In the end, when we opened it up for funding, there were nearly half a million dollars in the bank within 3 hours. Although I was no longer very confident in the deal, other people were. (Remember, Tampa is a super hot market, and this deal had some serious potential). Also, we had already covered all of the risk capital, so these new partners really had nothing to lose if we weren’t able to close.
……..
And then, the appraisals came in…
When we received the appraisal reports at 6 pm on a Thursday, and the closing was set for that Friday, we had less than 24 hours to decide what to do. The original terms of the loan had us putting down only 15% and giving us a 300k construction budget. Yet, after the appraisal came in, we were asked to put down 35% and were going to be given NO construction budget.
Could we have made that happen? Possibly… But the deal no longer made sense for us financially. It made more sense to cut our losses here. Aside from the huge downpayment and zero construction budget, we were setting ourselves up for more failure. The property would be losing money from day 1 and we would be banking on a quick refi into agency or community bank debt without a rehab budget! No thank you.
We tried for an extension one last time and were denied.
The wholesaler then pleaded with us to share our inspection report with the “new buyer” claiming he would then “do his best to get our deposit back” and said that “the seller didn’t want to keep our deposit”. All a lie and we knew it. He was under no obligation to return our EMD… but we decided to share the inspection report regardless.

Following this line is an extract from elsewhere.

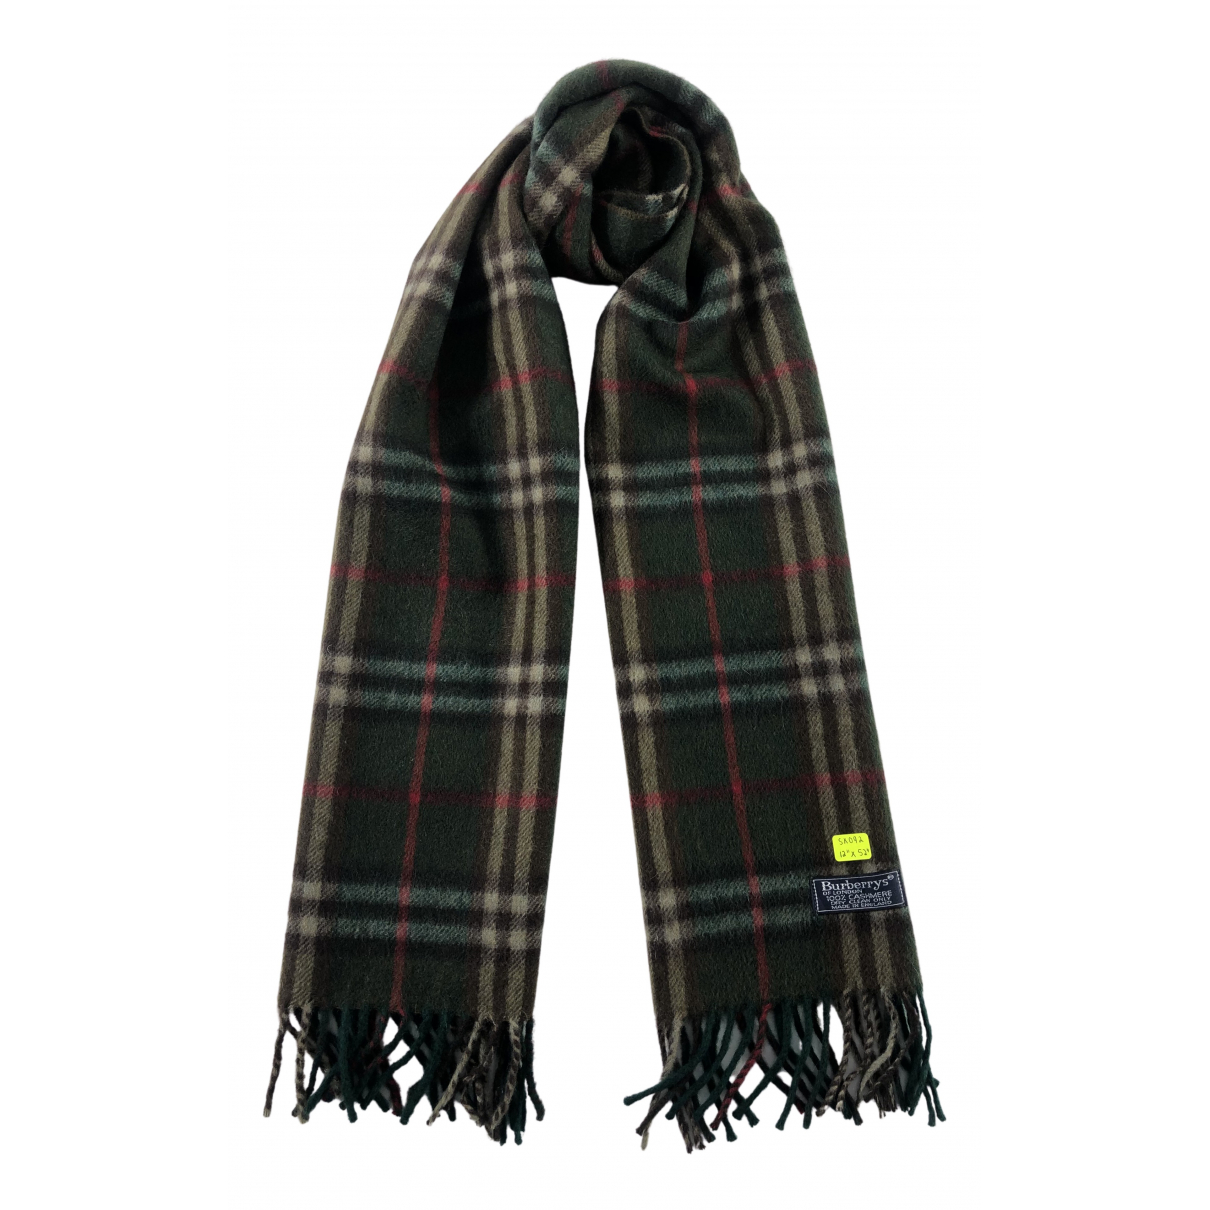 Burberry N Green Cashmere scarf & pocket squares for Men N

Sometimes it’s best to wipe your hands clean of the mess and walk away.
In the end, we lost our EMD, we lost the deal, and in total, after paying legal fees, inspections, appraisals, etc.; we lost just under $60k.
This stung like mad to say the least… It was a brutal hit that made me question my journey. Made me question whether or not I should continue searching in Tampa, or working on real estate at all. I took a couple of weeks off.
It’s a good thing I am a reflective dude. And after a couple of weeks of reflecting and thinking back to my childhood, I concluded I’d move onward and upward… Thinking back on my childhood and the thousands of stings I’ve felt… all of them unbearable at the time, and all of them now distant memories. I will persevere. I will succeed.
Let this experience be the same. Nothing more than a sting on the journey towards higher aspirations.